Molecular-Dynamics Simulation of Self-Diffusion of Molecular Hydrogen in X-Type Zeolite

School of Materials Science and Engineering, Shenyang Ligong University, Shenyang 110159, China

Received 3 May 2013; Revised 15 July 2013; Accepted 17 July 2013

Academic Editor: KRS Chandrakumar

Copyright © 2013 Xiaoming Du. This is an open access article distributed under the Creative Commons Attribution License, which permits unrestricted use, distribution, and reproduction in any medium, provided the original work is properly cited.

Abstract

The self-diffusion of hydrogen in NaX zeolite has been studied by molecular-dynamics simulations for various temperatures and pressures.
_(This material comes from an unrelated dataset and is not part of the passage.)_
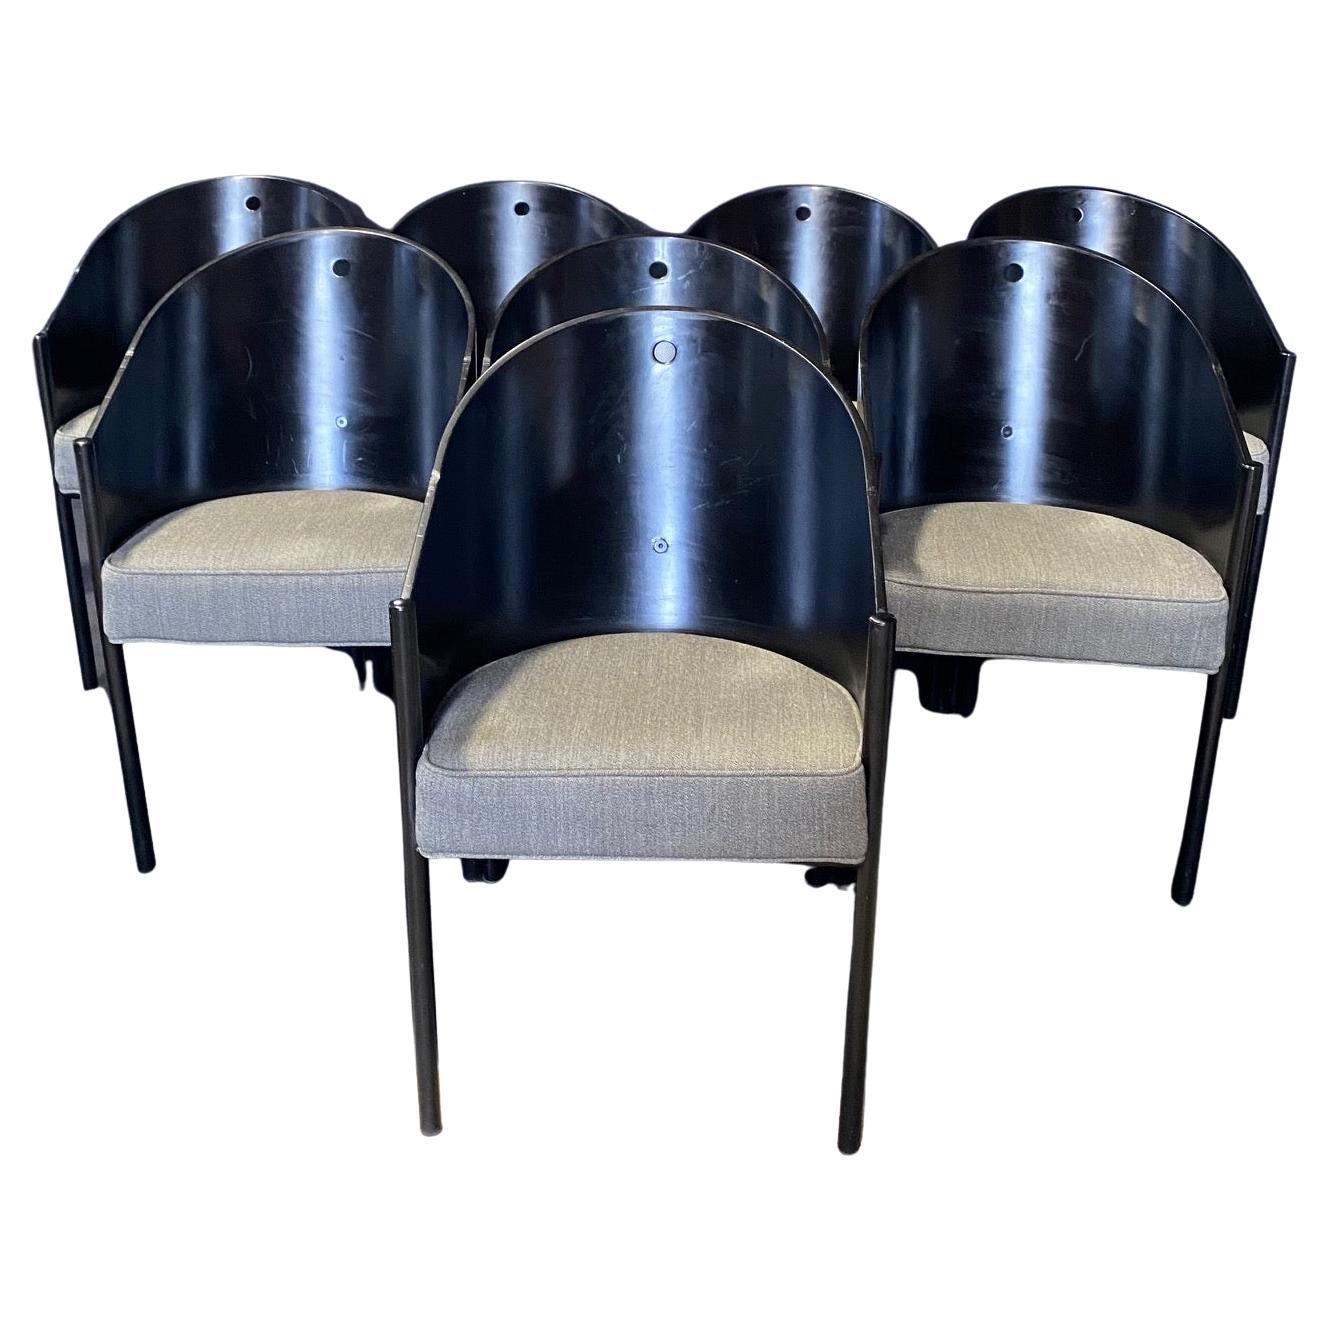 Iconic Set of 8 Black Laminated Plywood Philippe Starck Pratfall Dining Chairs For Sale
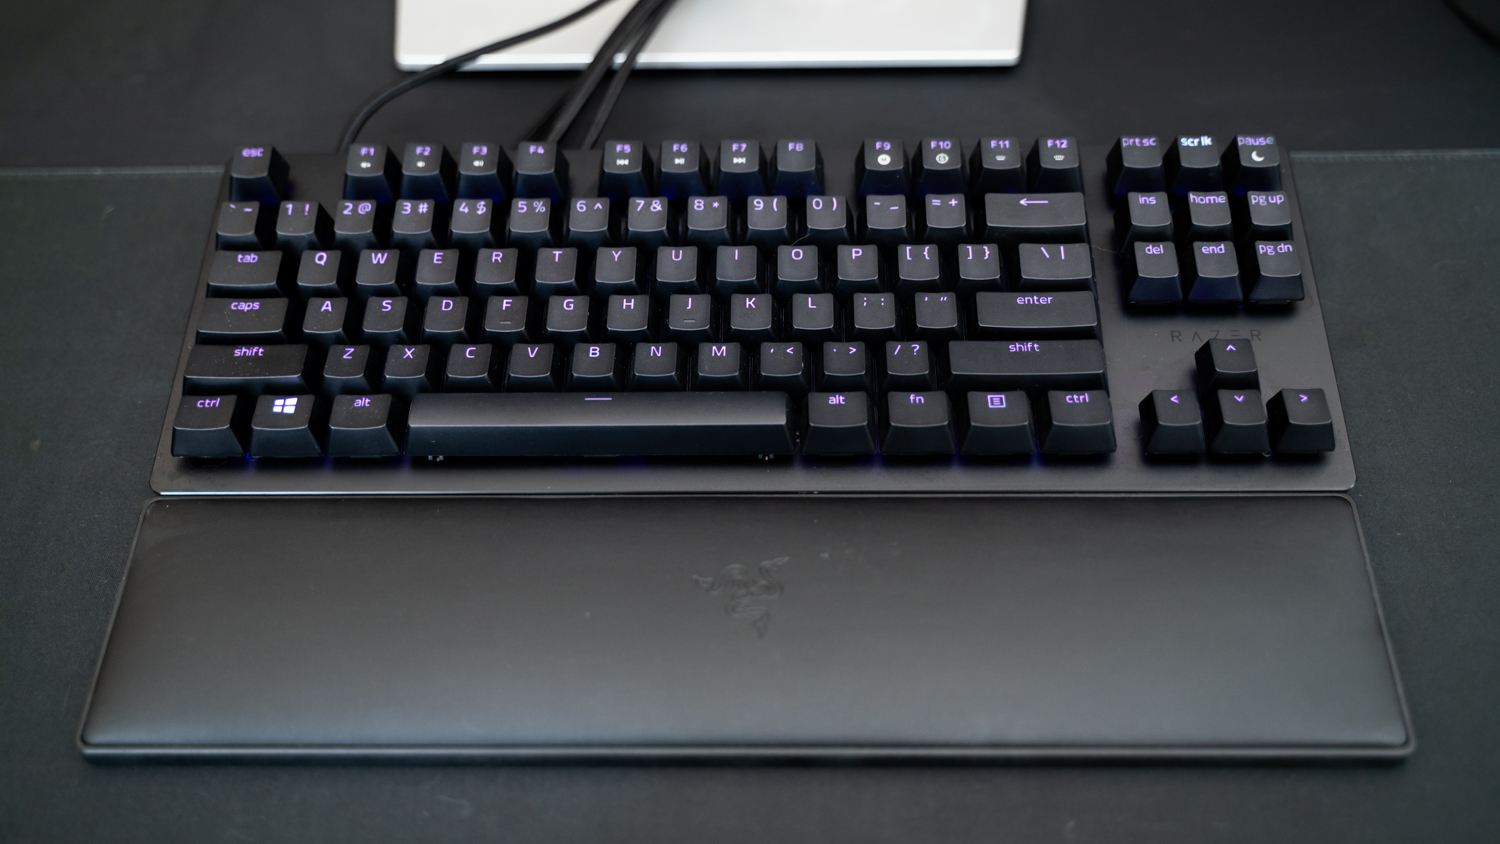 Razer Huntsman V2 review: Refined, streamlined and still top of the tree

The results indicate that in the temperature range of 77–293 K and the pressure range of 10–2700 kPa, the self-diffusion coefficients are found to range from 1.61 × 10−9 m2·s−1 to 3.66 × 10−8 m2·s−1 which are in good agreement with the experimental values from the quasielastic neutron scattering (QENS) and pulse field gradients nuclear magnetic resonance (PFG NMR) measurements. The self-diffusion coefficients decrease with increasing pressure due to packing of sorbate-sorbate molecules which causes frequent collusion among hydrogen molecules in pores and increase with increasing temperature because increasing the kinetic energy of the gas molecules enlarges the mean free path of gas molecule. The activated energy for hydrogen diffusion determined from the simulation is pressure-dependent.